You cannot do all you can do with *{ggplot2}*, it's just an exploration of some
ideas. Unlikely to go much further.

Some nice things that you can do more easily than in native *{ggplot2}* :

* data wrangling on plot data (assuming you use functions that don't drop attributes,
it seems *{dplyr}* functions don't, base R functions often do)
* keep track of the steps that built the plot.

## Installation

Install with:

``` r
remotes::install_github("moodymudskipper/ggframe")
```
## Functions

`map_aes()` sets an `aes` attribute.

`geom()`, `facet()`, `set_labs`, `set_coord()`, `set_theme()`, `set_scale()`
and `set_guide()` are quick and dirty wrappers that
add the relevant plot building call to the `layer` attribute,
I suppose a more serious version of the package would provide a wrapper for all
relevant *{ggplot2}* functions, with explicit arguments rather than just `...`.
One advantage here is that it works with other packages extending *{ggplot2}*.

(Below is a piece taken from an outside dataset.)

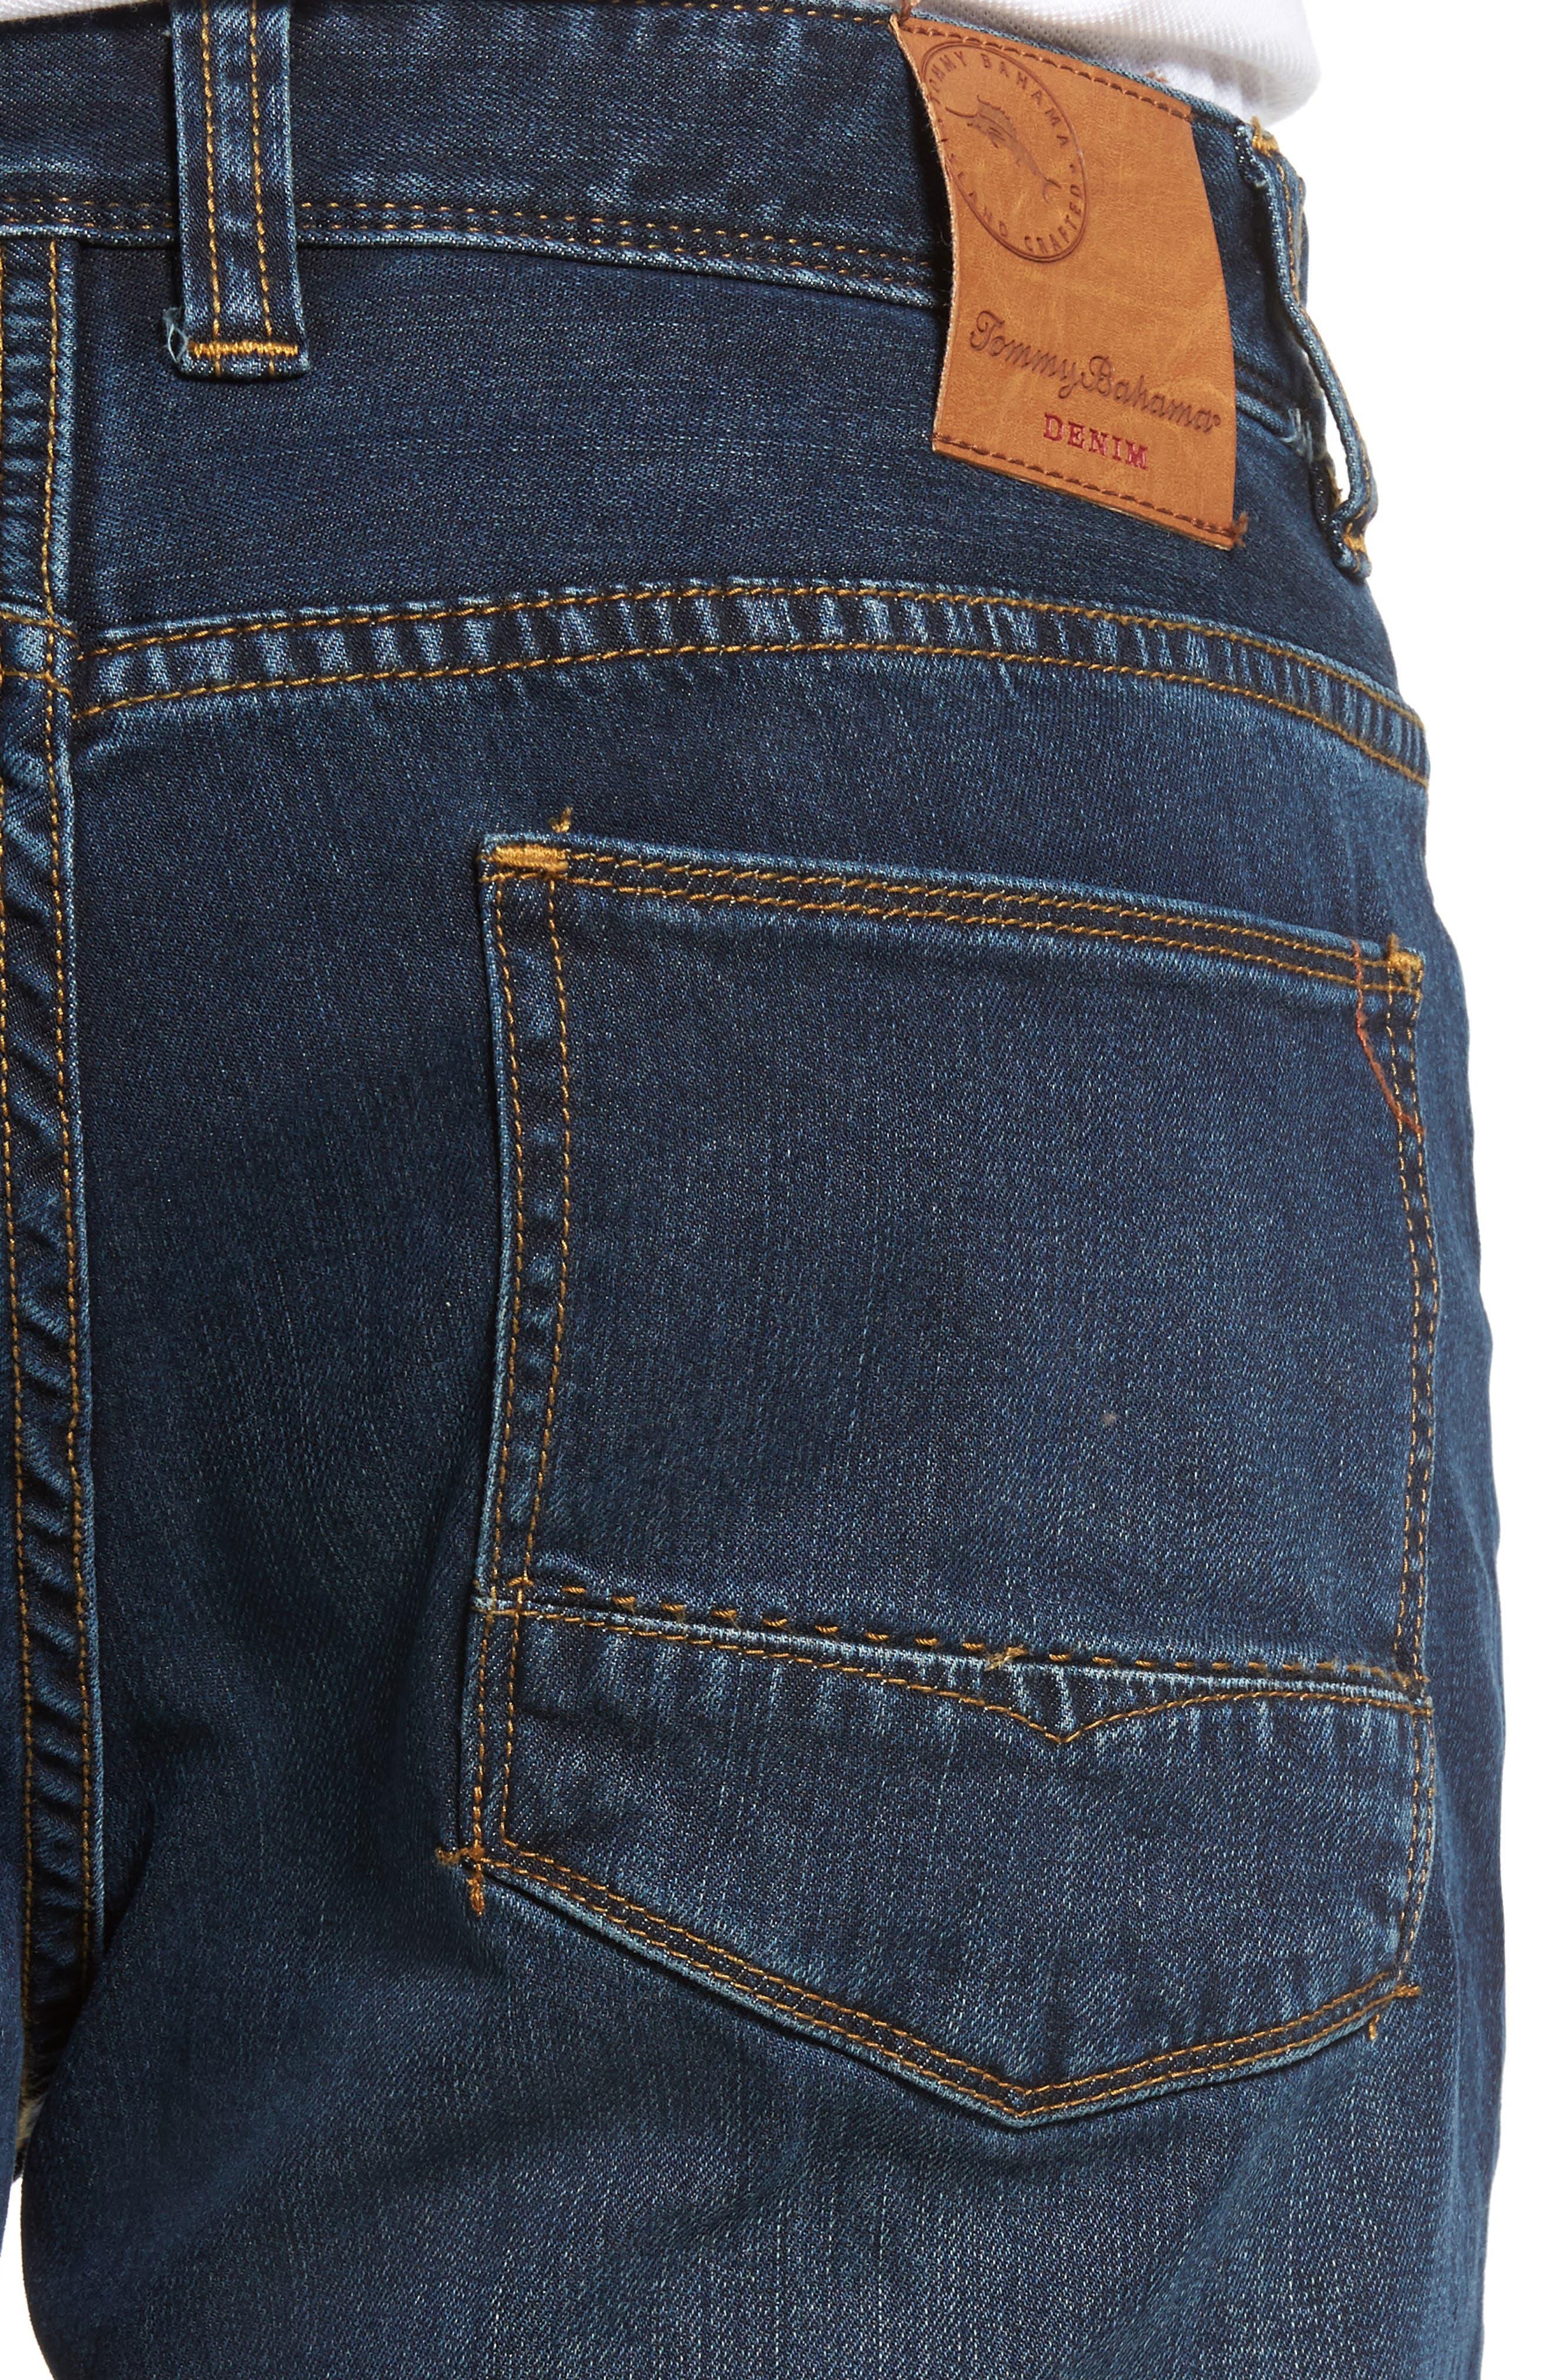 Straight Leg Jeans,                             Alternate thumbnail 4, color,                             400

`as_ggplot()` converts a ggframe object to a standard ggplot object.

## Examples

```{r}
library(dplyr, warn.conflicts = FALSE)
library(ggplot2) # needs to be attached, geoms etc can come from other packages too
library(ggframe)

# fast to type for a quick plot
iris %>%
geom("point", aes(Petal.Length, Petal.Width, color = Species))

# defining default aes
iris %>%
map_aes(Petal.Length, Petal.Width, color = Species) %>%
geom("point")

# wrangle the data after the layer definitions
iris %>%
map_aes(Petal.Length, Petal.Width, color = Species) %>%
geom("point") %>%
filter(Species != "versicolor")

# print data, aesthetics and layers
iris %>%
map_aes(Petal.Length, Petal.Width, color = Species) %>%
geom("point") %>%
slice_sample(n = 15) %>%
print(plot = FALSE)

# use set_* functions to leverage other features
iris %>%
map_aes(Petal.Length, Petal.Width, color = Species) %>%
geom("point") %>%
set_coord("fixed") %>%
set_theme("classic") %>%
set_scale("color_viridis_d") %>%
set_labs(title = "hello")
```

In *{ggplot2}* the `ggplot()` functions takes as optional arguments the data and aesthetics
to be inherited by further layers. It doesn't link explicitly aesthetics to a datasets
(you can define aesthetics to be inherited, but use a different dataset for every layer)
but it's quite rare to start without a default data layer nor default aesthetics.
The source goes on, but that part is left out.